*** Recorded data

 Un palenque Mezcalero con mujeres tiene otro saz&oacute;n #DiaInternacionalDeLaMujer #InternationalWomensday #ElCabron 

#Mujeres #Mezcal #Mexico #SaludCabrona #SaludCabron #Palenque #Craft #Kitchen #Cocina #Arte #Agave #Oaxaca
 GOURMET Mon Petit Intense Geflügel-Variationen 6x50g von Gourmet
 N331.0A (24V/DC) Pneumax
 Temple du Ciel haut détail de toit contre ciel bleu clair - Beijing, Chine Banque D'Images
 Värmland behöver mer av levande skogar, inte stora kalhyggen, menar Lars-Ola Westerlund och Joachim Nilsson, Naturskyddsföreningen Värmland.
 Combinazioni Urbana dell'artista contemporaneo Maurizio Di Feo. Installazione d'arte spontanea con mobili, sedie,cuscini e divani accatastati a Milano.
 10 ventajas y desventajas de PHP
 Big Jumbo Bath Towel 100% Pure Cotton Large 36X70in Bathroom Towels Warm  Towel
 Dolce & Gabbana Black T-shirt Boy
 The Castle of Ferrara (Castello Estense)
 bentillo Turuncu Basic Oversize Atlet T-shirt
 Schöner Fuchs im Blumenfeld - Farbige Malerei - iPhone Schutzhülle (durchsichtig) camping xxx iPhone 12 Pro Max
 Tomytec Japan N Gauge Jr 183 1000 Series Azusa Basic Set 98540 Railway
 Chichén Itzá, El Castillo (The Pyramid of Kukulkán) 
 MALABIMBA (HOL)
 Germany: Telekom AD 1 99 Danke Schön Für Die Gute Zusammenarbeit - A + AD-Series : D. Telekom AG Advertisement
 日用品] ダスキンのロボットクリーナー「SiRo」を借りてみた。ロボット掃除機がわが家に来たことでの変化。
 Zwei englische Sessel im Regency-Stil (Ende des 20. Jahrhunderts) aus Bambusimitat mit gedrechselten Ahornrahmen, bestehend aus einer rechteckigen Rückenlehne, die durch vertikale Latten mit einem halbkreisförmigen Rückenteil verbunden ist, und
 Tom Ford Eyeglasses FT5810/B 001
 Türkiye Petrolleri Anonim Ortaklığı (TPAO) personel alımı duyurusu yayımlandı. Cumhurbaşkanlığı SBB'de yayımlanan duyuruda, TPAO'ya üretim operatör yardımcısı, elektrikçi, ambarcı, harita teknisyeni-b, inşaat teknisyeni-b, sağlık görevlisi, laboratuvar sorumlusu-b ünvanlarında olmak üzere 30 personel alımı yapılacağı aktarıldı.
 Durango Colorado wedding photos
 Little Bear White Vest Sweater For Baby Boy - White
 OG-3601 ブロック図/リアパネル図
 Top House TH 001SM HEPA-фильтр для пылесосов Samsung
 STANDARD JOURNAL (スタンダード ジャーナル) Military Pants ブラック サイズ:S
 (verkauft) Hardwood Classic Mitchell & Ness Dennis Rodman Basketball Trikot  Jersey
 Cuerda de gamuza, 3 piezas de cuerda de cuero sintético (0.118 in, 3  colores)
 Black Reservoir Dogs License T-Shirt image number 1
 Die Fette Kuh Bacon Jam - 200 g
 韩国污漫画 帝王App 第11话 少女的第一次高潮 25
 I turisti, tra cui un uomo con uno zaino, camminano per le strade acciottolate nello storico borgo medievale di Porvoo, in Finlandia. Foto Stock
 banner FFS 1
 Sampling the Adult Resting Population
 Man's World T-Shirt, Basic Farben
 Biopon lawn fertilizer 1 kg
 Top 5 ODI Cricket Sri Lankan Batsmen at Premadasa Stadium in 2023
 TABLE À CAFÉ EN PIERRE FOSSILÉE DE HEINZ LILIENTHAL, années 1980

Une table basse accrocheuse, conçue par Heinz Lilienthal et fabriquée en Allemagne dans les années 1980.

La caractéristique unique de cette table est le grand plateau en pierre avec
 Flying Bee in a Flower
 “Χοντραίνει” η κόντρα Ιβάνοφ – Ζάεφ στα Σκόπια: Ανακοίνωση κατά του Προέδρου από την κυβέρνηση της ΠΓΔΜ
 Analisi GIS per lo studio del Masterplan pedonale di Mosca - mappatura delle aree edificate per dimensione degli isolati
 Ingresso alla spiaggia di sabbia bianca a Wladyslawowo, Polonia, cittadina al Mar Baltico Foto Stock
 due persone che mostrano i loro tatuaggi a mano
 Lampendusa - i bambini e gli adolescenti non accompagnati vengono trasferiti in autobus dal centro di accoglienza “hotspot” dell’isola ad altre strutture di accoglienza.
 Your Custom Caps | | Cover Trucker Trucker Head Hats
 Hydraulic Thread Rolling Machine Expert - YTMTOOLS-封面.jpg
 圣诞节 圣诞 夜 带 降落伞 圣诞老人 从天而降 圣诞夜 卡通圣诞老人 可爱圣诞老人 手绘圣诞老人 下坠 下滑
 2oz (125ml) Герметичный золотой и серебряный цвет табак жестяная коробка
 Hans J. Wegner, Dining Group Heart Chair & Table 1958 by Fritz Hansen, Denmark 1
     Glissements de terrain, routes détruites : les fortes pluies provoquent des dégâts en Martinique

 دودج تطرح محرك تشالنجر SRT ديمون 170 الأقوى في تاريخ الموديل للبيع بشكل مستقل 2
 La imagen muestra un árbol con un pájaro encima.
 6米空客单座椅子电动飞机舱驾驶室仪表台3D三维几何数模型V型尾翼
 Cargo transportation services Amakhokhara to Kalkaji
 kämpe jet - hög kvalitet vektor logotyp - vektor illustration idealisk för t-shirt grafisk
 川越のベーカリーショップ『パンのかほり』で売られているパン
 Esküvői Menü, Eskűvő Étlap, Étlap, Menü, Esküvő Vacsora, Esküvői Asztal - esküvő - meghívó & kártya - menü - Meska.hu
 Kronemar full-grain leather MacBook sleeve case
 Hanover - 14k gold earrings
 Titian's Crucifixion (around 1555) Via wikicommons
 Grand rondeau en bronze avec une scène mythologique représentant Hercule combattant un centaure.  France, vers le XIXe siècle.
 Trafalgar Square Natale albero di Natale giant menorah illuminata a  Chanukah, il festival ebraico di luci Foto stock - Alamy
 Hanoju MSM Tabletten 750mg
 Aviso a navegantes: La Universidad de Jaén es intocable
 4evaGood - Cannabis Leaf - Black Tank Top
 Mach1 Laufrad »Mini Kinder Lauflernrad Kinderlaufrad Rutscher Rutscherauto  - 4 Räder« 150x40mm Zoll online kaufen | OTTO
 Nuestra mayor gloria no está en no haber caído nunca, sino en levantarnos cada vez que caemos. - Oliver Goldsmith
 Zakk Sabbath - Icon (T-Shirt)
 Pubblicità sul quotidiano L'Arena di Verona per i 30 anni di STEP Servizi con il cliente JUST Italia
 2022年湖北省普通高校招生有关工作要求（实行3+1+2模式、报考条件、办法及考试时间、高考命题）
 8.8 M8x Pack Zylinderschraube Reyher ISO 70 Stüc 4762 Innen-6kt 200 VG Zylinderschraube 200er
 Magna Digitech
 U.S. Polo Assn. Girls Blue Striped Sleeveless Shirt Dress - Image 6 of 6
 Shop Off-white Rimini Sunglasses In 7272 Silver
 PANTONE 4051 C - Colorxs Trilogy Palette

******

** Problem to solve **
Above is a listing; print exactly its lines from the one with "Analisi GIS per" through the one with "Your Custom Caps", and no other lines.

** Finished task **
 Analisi GIS per lo studio del Masterplan pedonale di Mosca - mappatura delle aree edificate per dimensione degli isolati
 Ingresso alla spiaggia di sabbia bianca a Wladyslawowo, Polonia, cittadina al Mar Baltico Foto Stock
 due persone che mostrano i loro tatuaggi a mano
 Lampendusa - i bambini e gli adolescenti non accompagnati vengono trasferiti in autobus dal centro di accoglienza “hotspot” dell’isola ad altre strutture di accoglienza.
 Your Custom Caps | | Cover Trucker Trucker Head Hats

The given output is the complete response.